To do:
Range to repeat from the listing below: the line containing "SPAIN, 1964, TORISM" down to the line containing "plantilla de marco", both included. Copy it exactly, pictures excluded, and add nothing else.

The data:
● ● ● ● ●
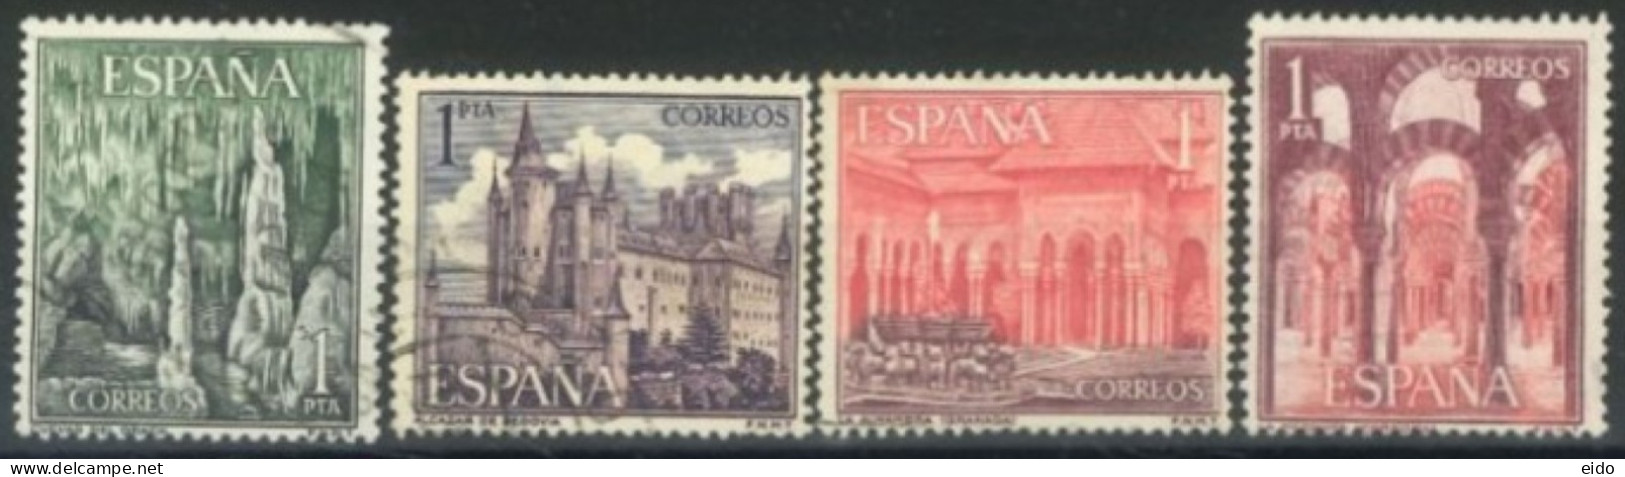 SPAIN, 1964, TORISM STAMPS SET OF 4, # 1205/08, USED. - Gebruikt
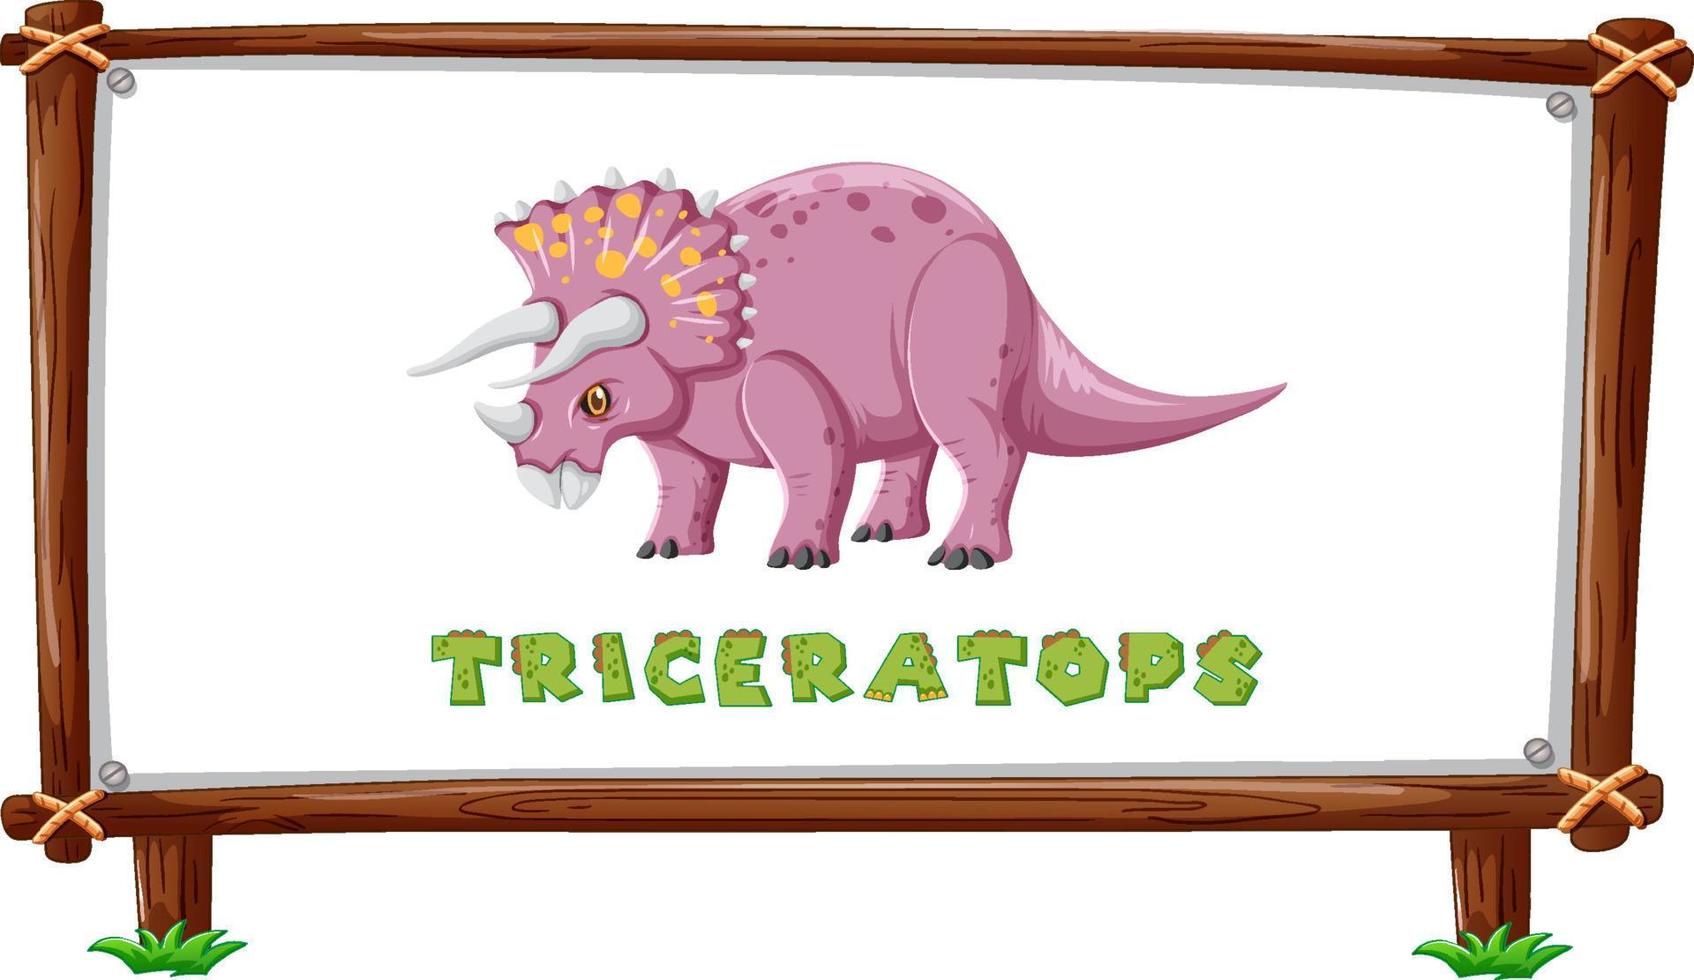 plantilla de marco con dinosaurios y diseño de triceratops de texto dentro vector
● ● ● ● ●
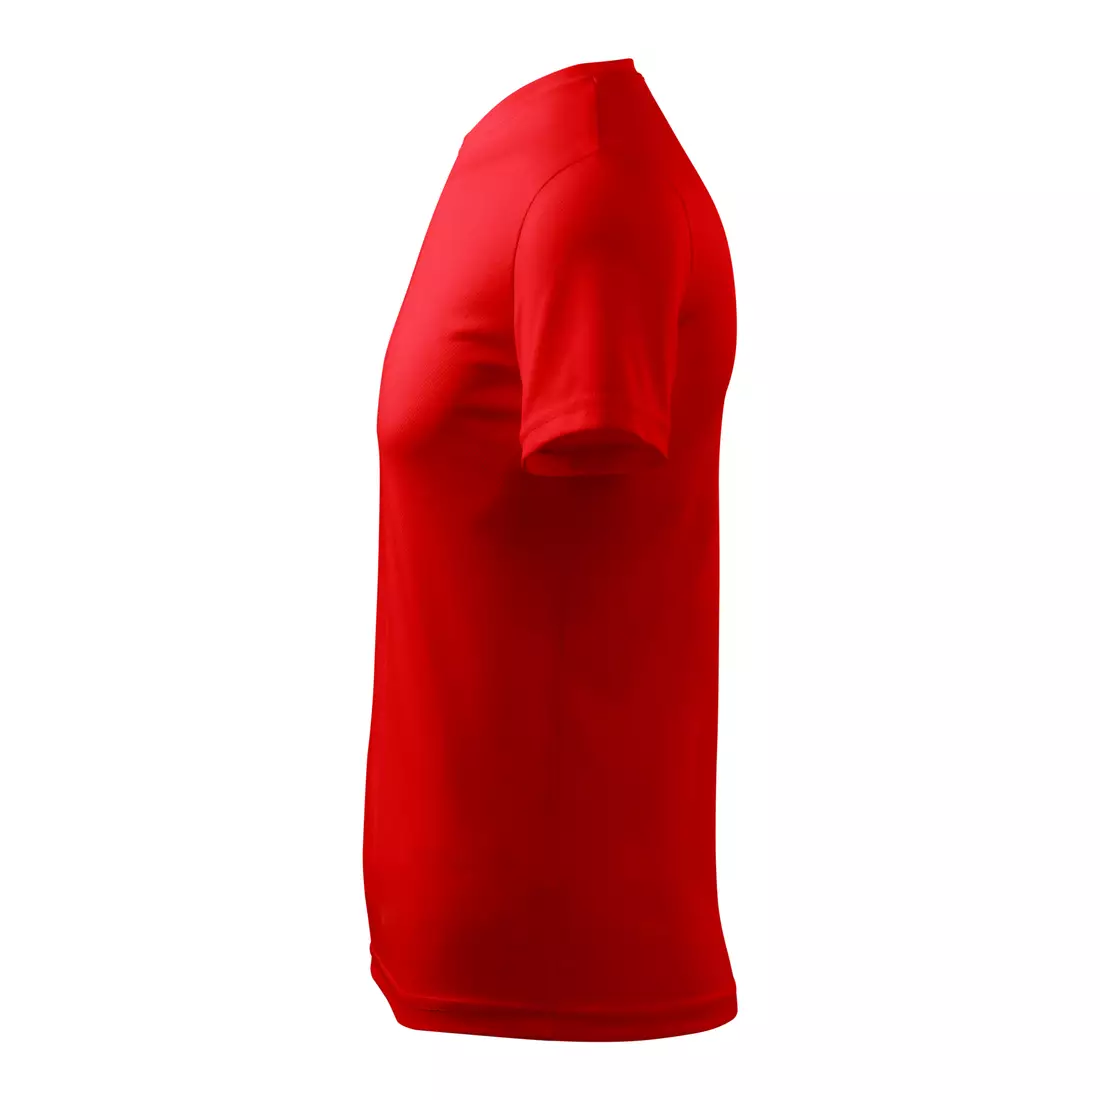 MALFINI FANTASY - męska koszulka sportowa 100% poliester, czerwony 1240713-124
● ● ● ● ●
Solution for this task:
 SPAIN, 1964, TORISM STAMPS SET OF 4, # 1205/08, USED. - Gebruikt
 plantilla de marco con dinosaurios y diseño de triceratops de texto dentro vector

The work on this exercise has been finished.